Sunday, November 2, 2014

For African migrants, living 'in Russia is like living in hell on Earth'

(LAT) First they spat angry words at Remy Bazie. Then they struck him in the face with an iron bar, knocking him unconscious.

The men who jumped the Ivory Coast migrant at a crowded Moscow train station last November did not rob him. But they damaged his jaw to the degree that doctors had to install a metal plate to hold it in place. It took Bazie four months to raise the $3,600 to undergo surgery.

"Most of the time I'm harassed, but this was the worst experience," Bazie, 28, said recently as he sat at a parish community center in Moscow where African migrants often seek refuge.

His story is not uncommon, Russian civil and human rights leaders say. African migrants face widespread hostility and racism that usually go unpunished.

According to the SOVA Center for Information and Analysis, a Moscow-based advocacy group and think tank, 177 acts of violence against blacks have been reported in Russia since 2010.

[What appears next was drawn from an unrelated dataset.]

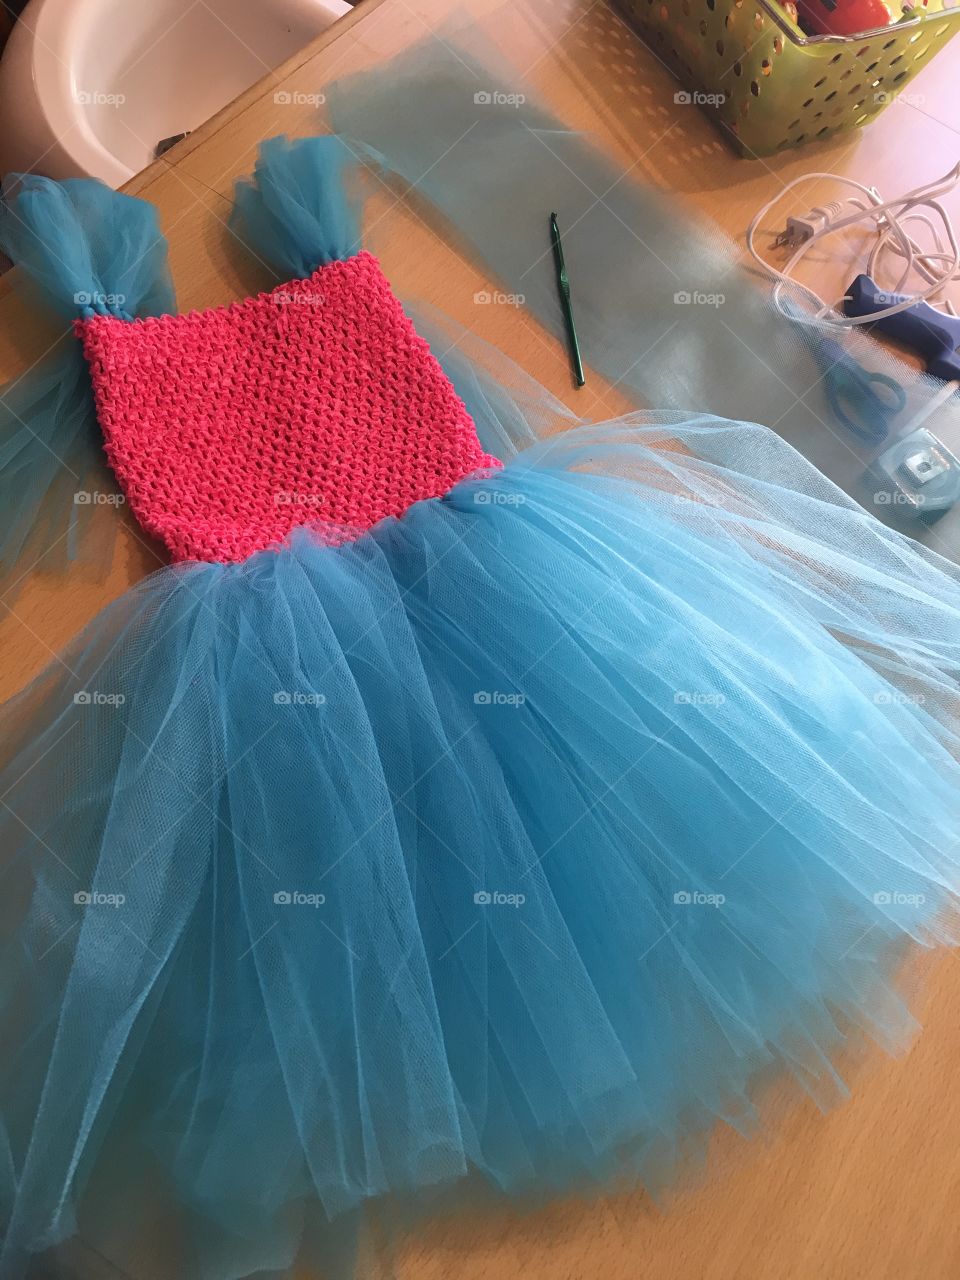 Making a tulle dress

But rights advocates said interviews with Africans living in the capital, as well as anecdotal evidence, indicate that a far higher number have been victims of racial attacks and experienced race-based harassment. Most, however, never report the assaults, the advocates said.

"Living here in Russia is like living in hell on Earth," said Osman Kamara, 35, a Liberian who fled civil conflict in his homeland 10 years ago, only to fall victim to a skinhead attack in Moscow. "They don't like our color. Going out is a problem. Maybe if you go out, you might not return."

Some Africans say that after arriving here, they heard the Russian word "obezyana" directed at them so often that they initially thought it meant "black person." It means "monkey."